UNDRR was actively involved at the Forum. At a side event hosted by the Co-Chairs of the Group of Friends for Disaster Risk Reduction (the Permanent Missions of Australia, Indonesia, Norway and Peru), the Alliance of Small Island States (AOSIS), experts from the public and private sector led discussions on “De-Risking Investments for People, Planet and Prosperity”. Recommendations by panelists included focusing support to enhance data collection on multi-hazard vulnerability; expanding the transparency of risks and the hazard landscape in investment decisions; linking hazard exposures to the financial and socio-economic impacts of investments; and aligning investments with the Principles for Resilient Infrastructure.

Speaking at the event, Mami Mizutori, Special Representative of the Secretary-General for Disaster Risk Reduction, said “the goals set out in the 2030 Agenda, the Addis Ababa Action Agenda, the Paris Agreement, and the Sendai Framework cannot be achieved with a financial system that favors prosperity over people and planet”.

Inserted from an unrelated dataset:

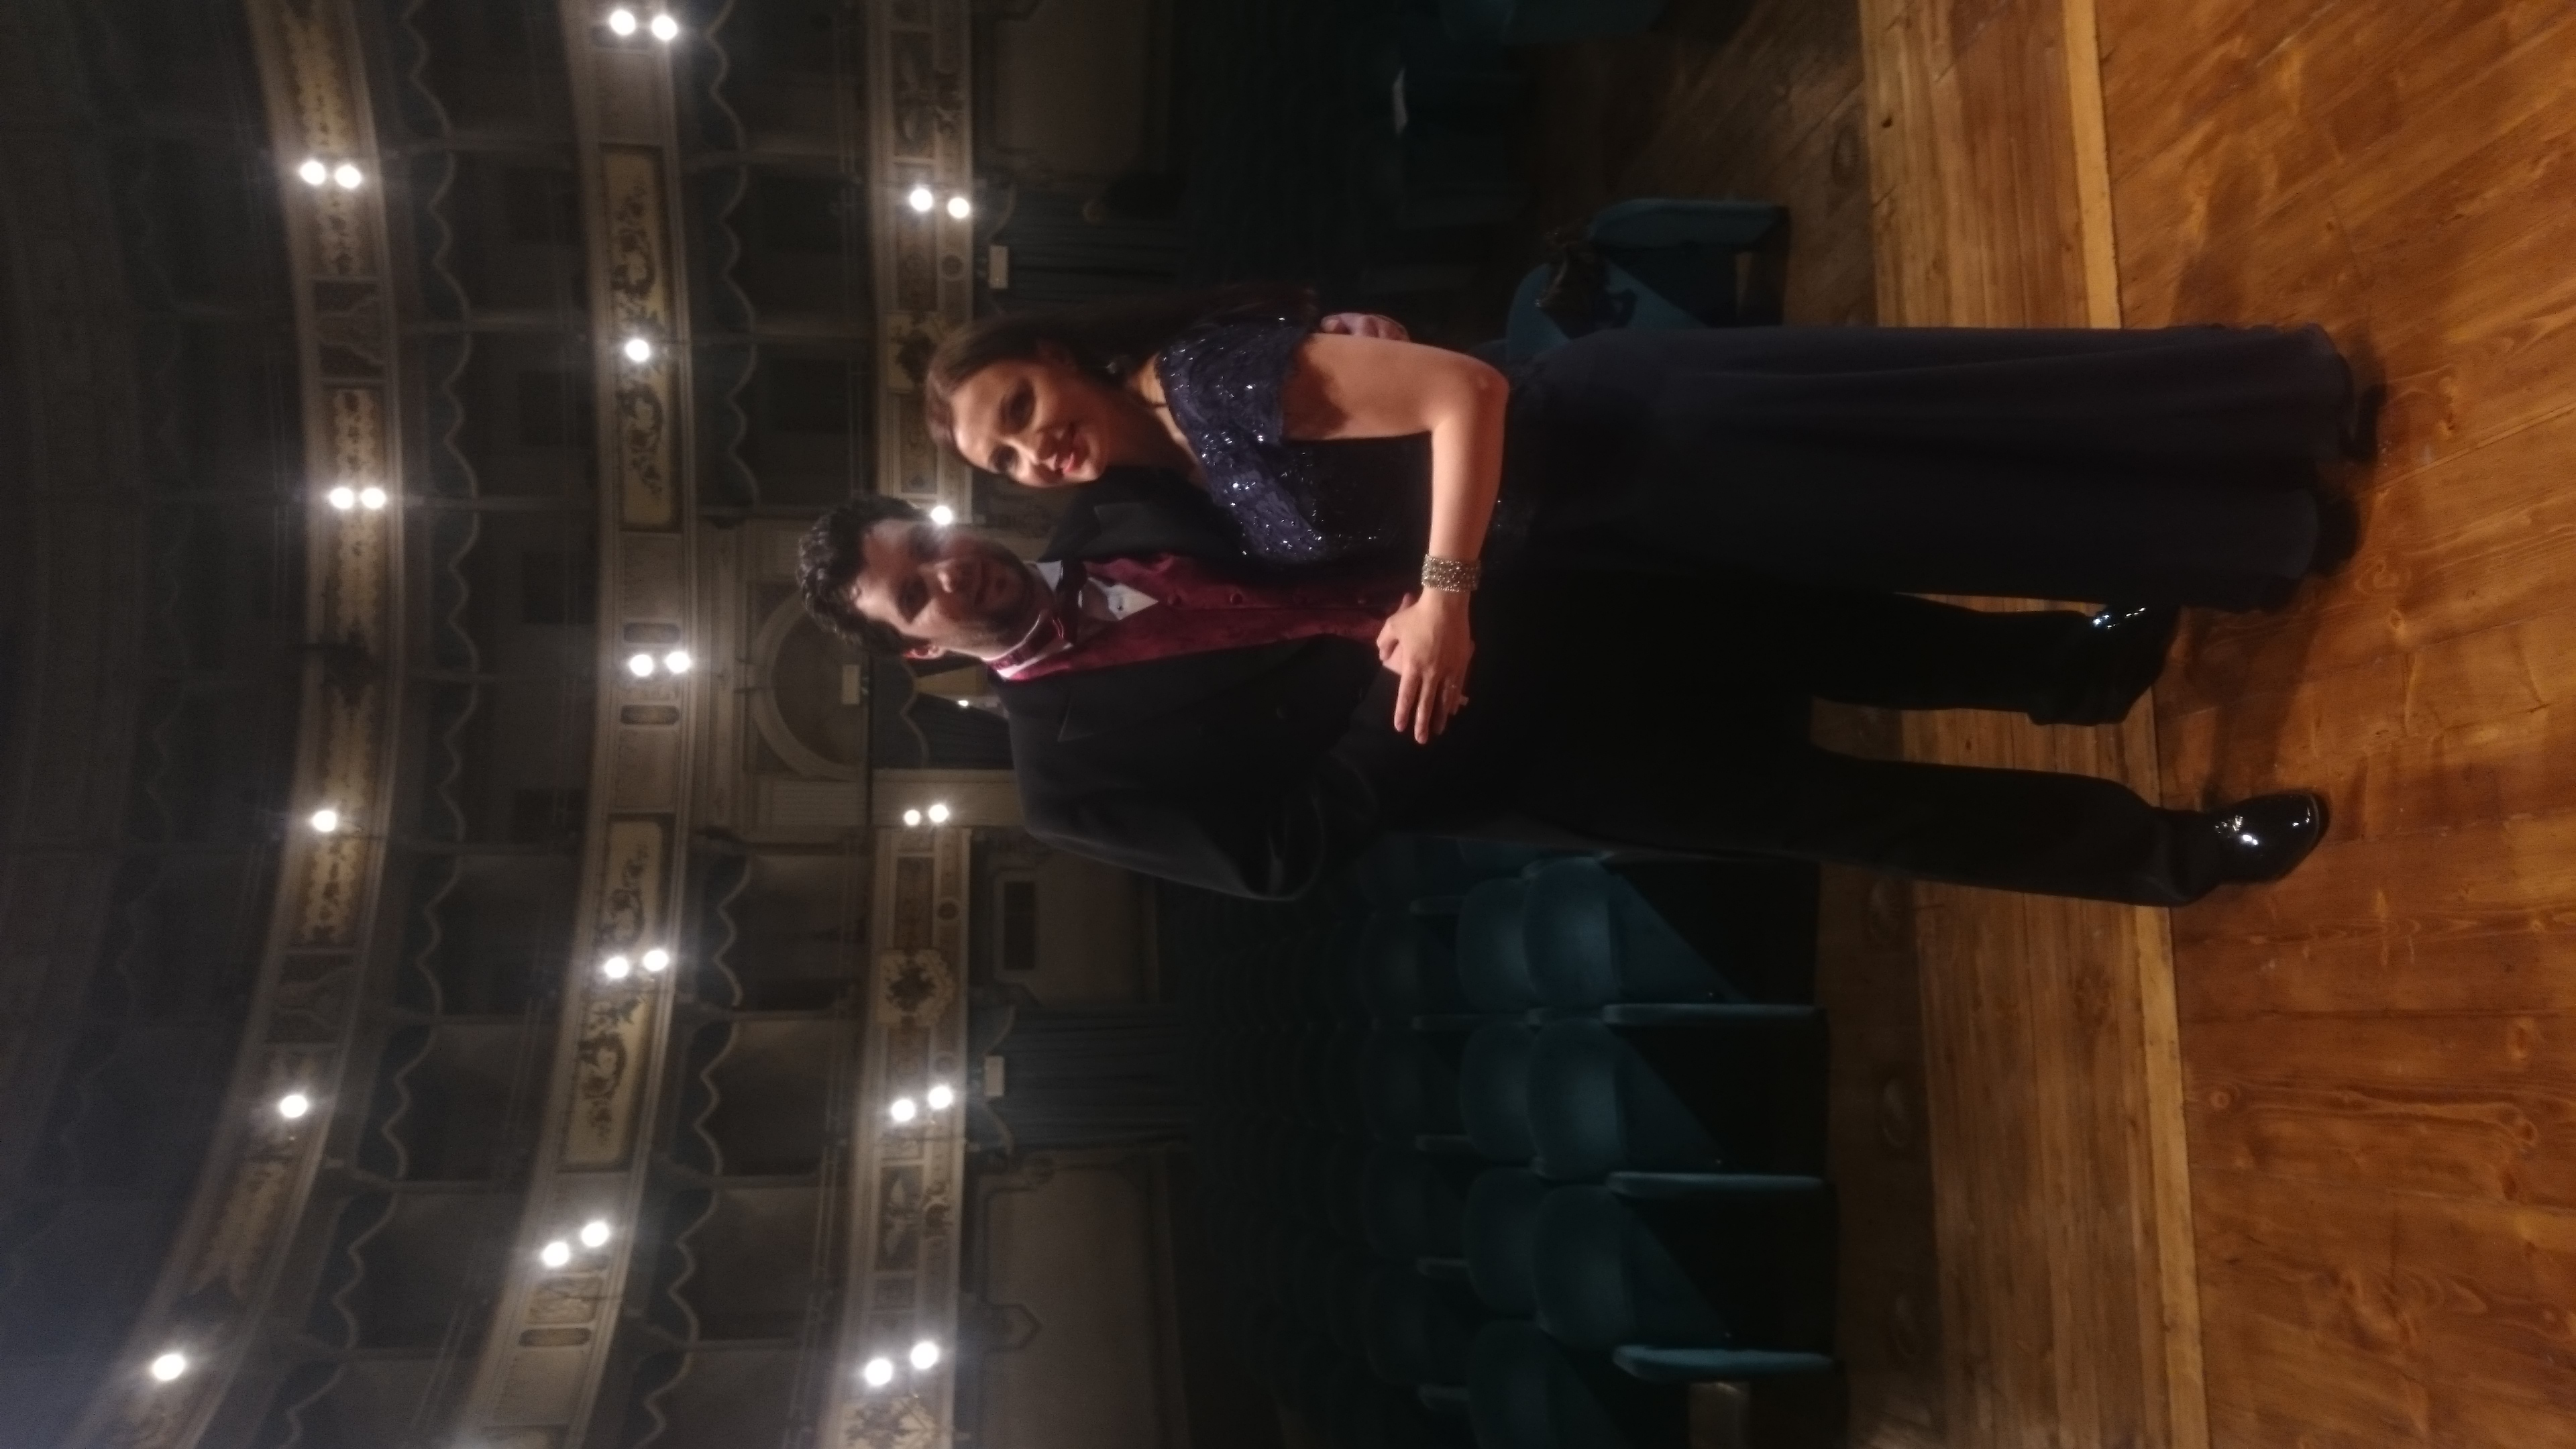 Teatro la Nuova Fenice concert

Ambassador Conrod Hunte, Deputy Permanent Representative of Antigua and Barbuda who spoke on behalf of AOSIS noted that, “for decades, SIDS have been emphasizing the need for targeted support for DRR. Through avenues such as the adoption of the Multidimensional Vulnerability Index and the Midterm Review of the Sendai framework we hope to bridge this gap, and secure a more resilient future for SIDS”.